Figure 3 presents six images from the animation, and Figures 3C and 3E are especially interesting. They represent images of caveolae at the extracellular and intracellular surfaces of adipocyte plasma membranes, respectively, and most students will immediately recognize differences in caveolae number in the two images. They may also notice a difference in the sizes of vesicles attached to the intracellular PM surface. Discussion of what the numerical difference represents and whether it is meaningfully correlated with the size difference provides a natural entry to the paper itself and, specifically, to the hypothesis that larger caveolae are open to the surface while smaller ones are closed (and simply tethered to the surface) and to how this hypothesis was tested.

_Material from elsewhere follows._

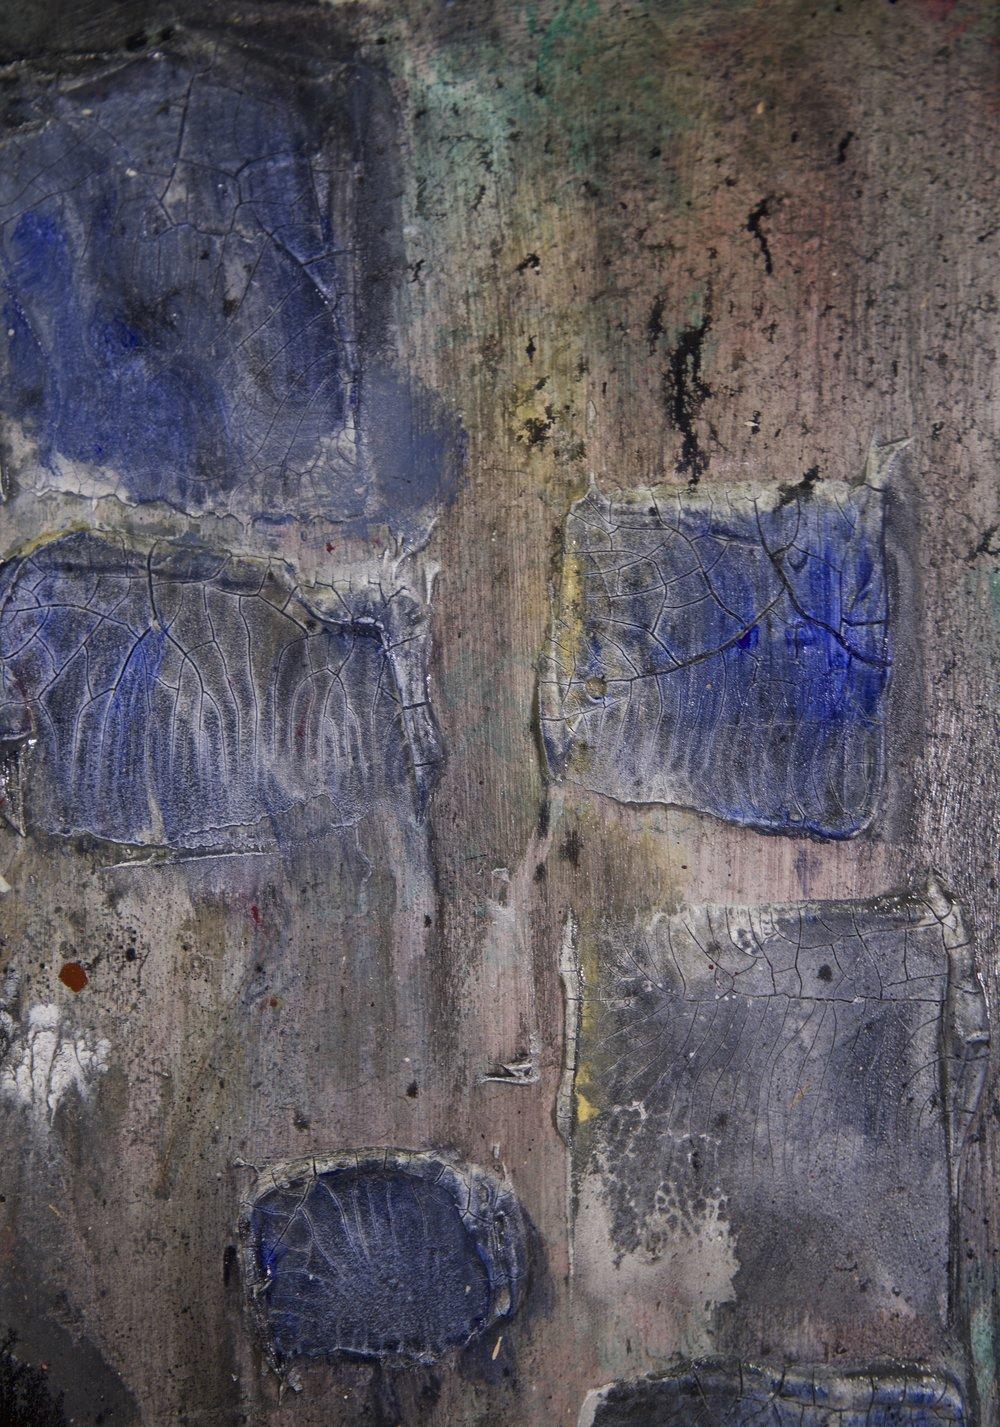 JWORK-111718-1520-DETAIL-TOPR.jpg

Questions are raised easily about how the caveolae are formed and whether this process resembles how clathrin-coated vesicles are formed. Apparently, a coating protein called caveolin is involved in the process, but its presence is restricted to caveolae necks: the authors' Figure 5 depicts a single clathrin-coated vesicle (with its honeycomb morphology) and several smoother caveolae. The authors estimate that open-ended caveolae increase the effective surface area of adipocytes significantly, and thoughtful students will speculate about the functional significance of such an increment (and, indeed, about the function of both populations of caveolae). Consideration of these broader questions could well become the focus of a journal club presentation (see Parton, 2001).